On the one hand, being masculine has traditionally meant looking after and protecting your family. This has often been linked with the idea that men should appear strong. While some may find this expectation stifling, others find it suits them. They don’t see why they should have to talk about their feelings.

On the other hand, many people feel that this definition of masculinity is too narrow. There is no right or wrong way to be a man. For instance, being a man is not just showing the courage and strength that Patrick Hutchinson displayed – but also the empathy and humanity that he demonstrated too.

You Decide

  1. Are there any circumstances in which it is OK to use violence?
  2. Are men and women more similar than they are different?

Activities

  1. Make a poster about a man you think is a good role model. What do you like about him? What has he taught you?
  2. Write a list of all of the different aspects of your identity that make up who you are. It could be your gender, your religion, your taste in music. Explore which of them you were born with and which you have acquired as you grew up.

Some People Say...

“Man is never so manly as when he feels deeply, acts boldly, and expresses himself with frankness and with fervour.”

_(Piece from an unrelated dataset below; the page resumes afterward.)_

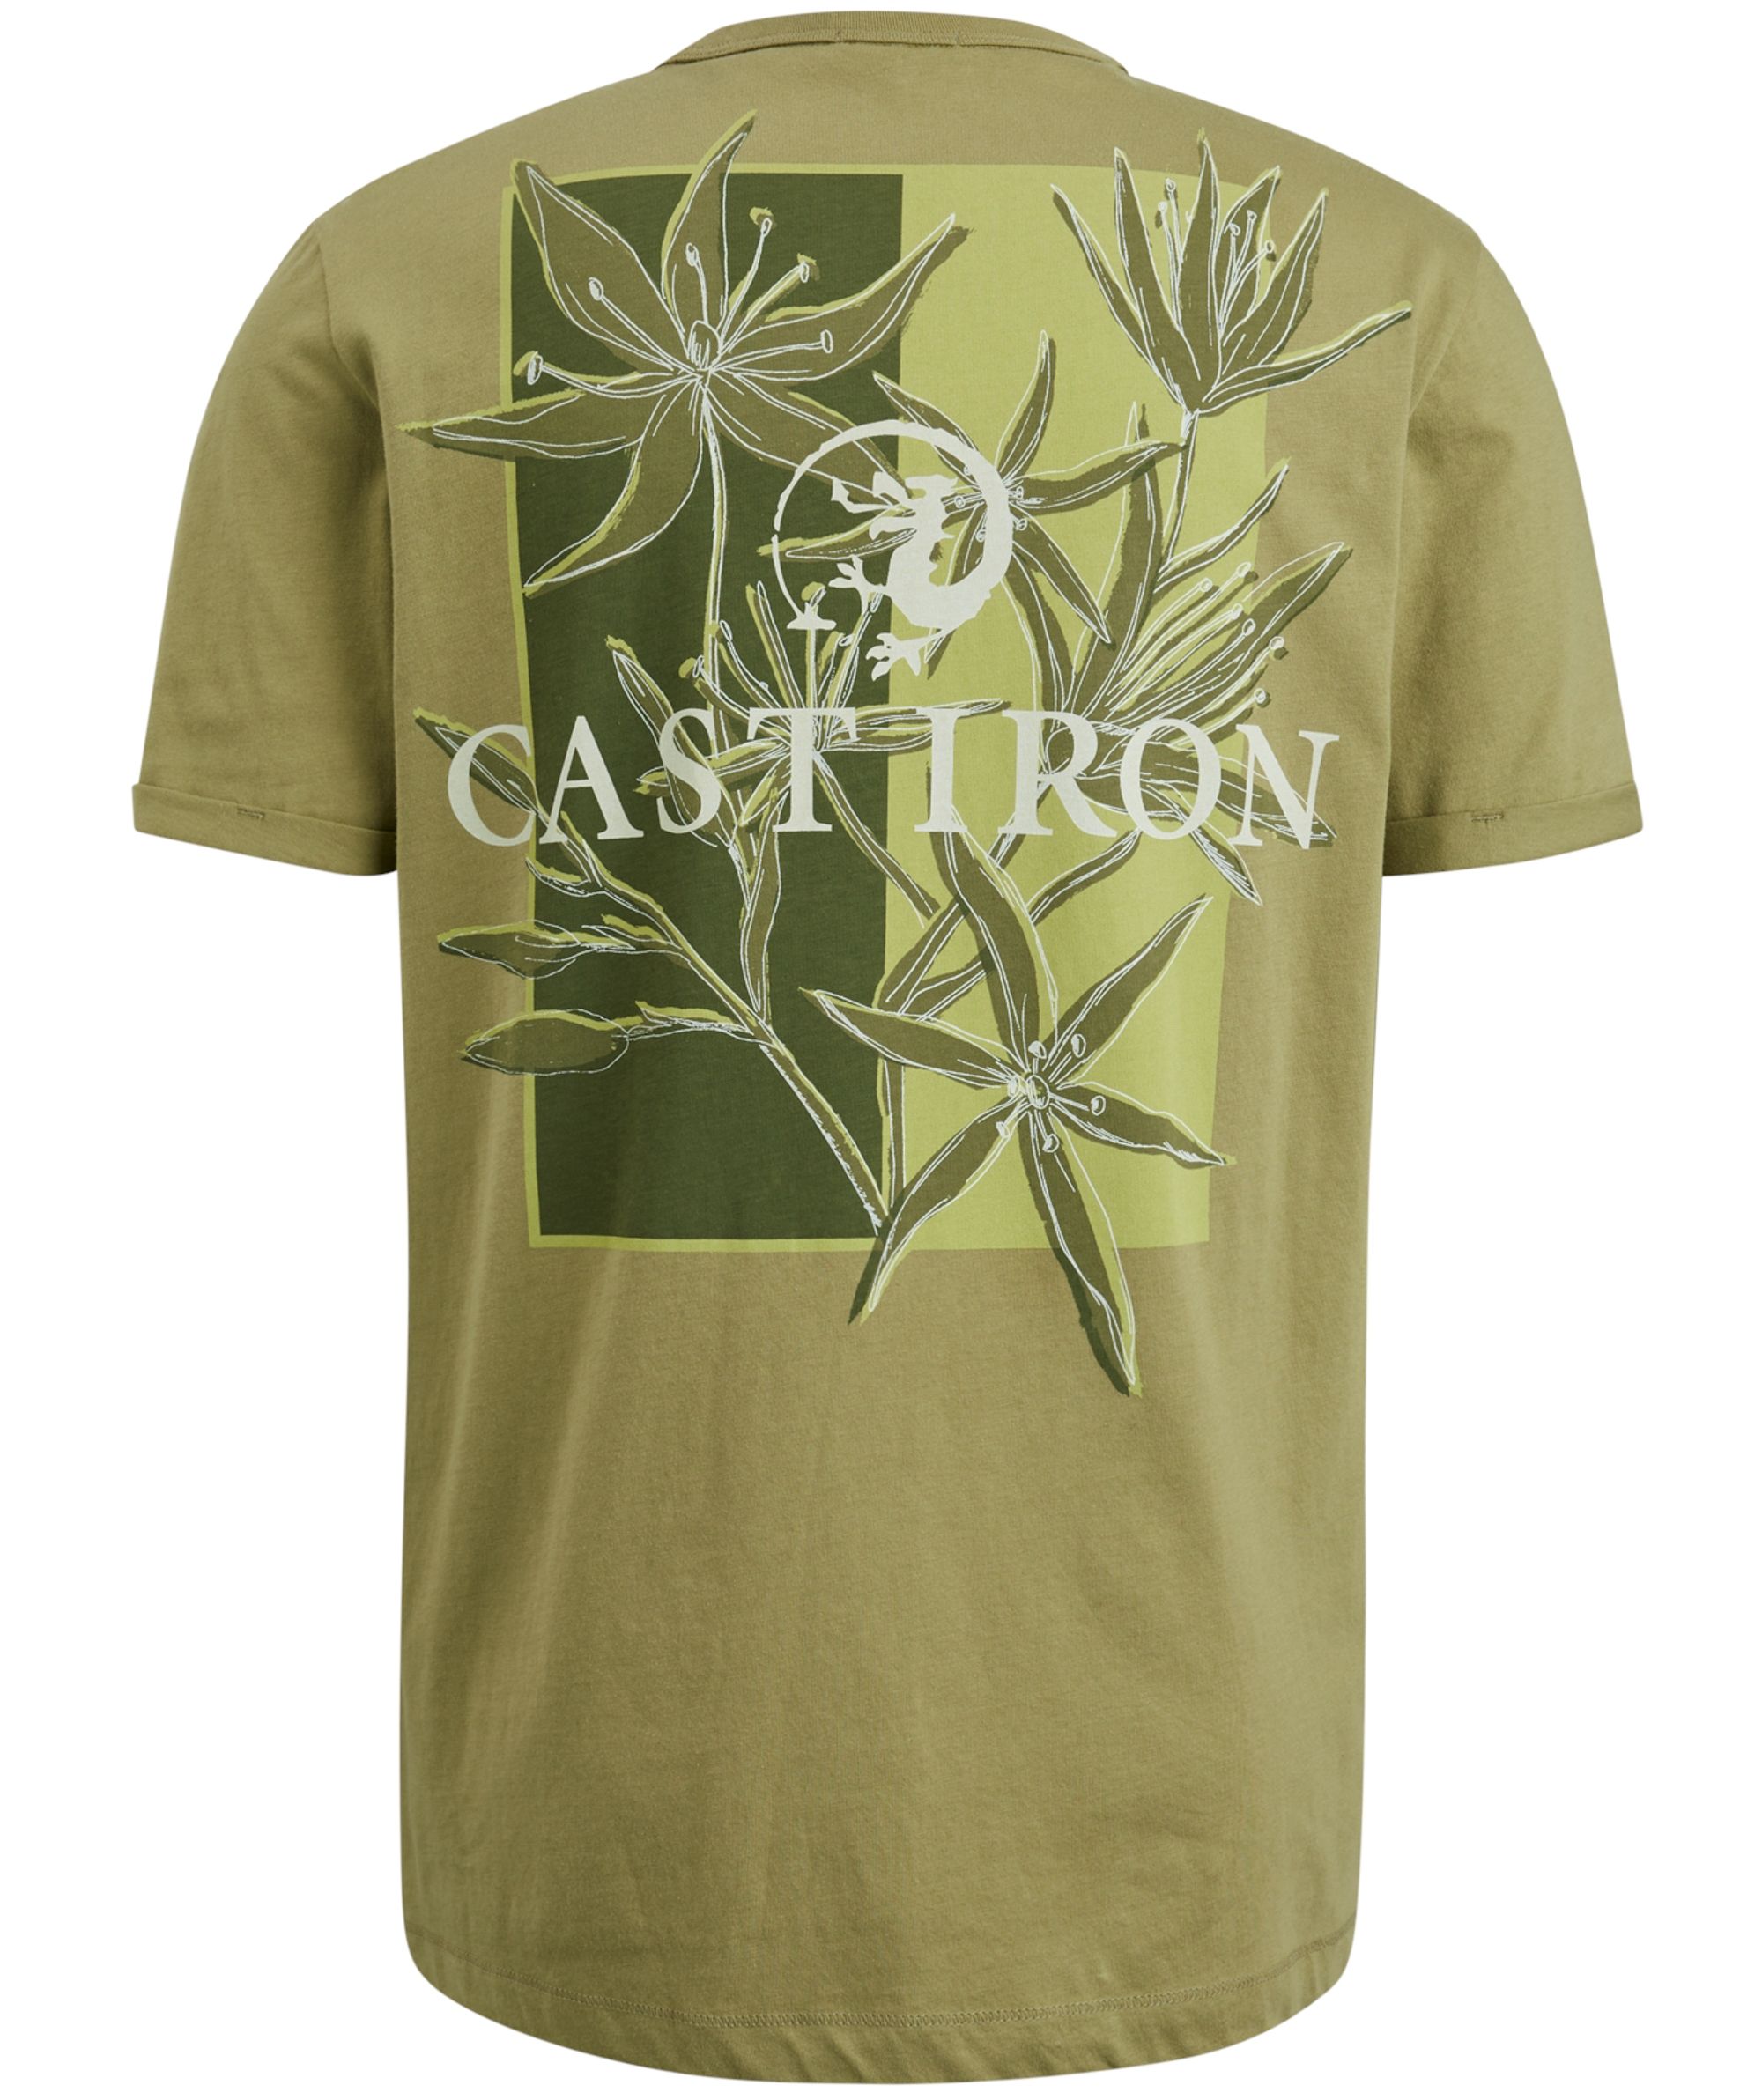 Cast Iron T-shirt KM Groen 085677-001-L

Benjamin Disraeli (1804-1881), UK prime minister

What do you think?

Q & A

What do we know?
It is generally agreed that many significant aspects of our identities are determined by our external environment. For example, in ancient Greek epics, the male heroes often cry when they are distressed. Whereas, nowadays, there is more of a stigma around men crying. This is just one illustration of how behaviour can be shaped by the expectations of others – and if we can change these ideas, maybe we can change what it means to be a man.
What do we not know?
The jury is still out on how much of our identity is down to nurture and how much is as a result of nature. Some people believe that there is very little about us that is totally fixed; others, however, feel that much of our identity is biologically determined – and that no amount of social conditioning can ever change that.

Word Watch

Black Lives Matter
A political movement which aims to challenge police brutality and racism towards black people all across the world, usually using protests and other means of activism.
English Defence League
A far-right, racist organisation based in the UK that believes British values and culture are under threat from Muslims and immigrants.
Feted
Celebrated; honoured.
Archetypes
Very typical examples of a certain person or thing.
Epitomises
Perfect examples of.
Toxic masculinity
Traditional forms of masculinity that have negative consequences on men themselves and the people they are surrounded by. For example, peer pressure to behave worse than you otherwise would.
Robert Webb
Comedian and actor, best known for starring in the sitcom Peep Show.
Movember
A charity which supports men’s mental health best known for its annual Movember challenge, when men grow facial hair to raise money.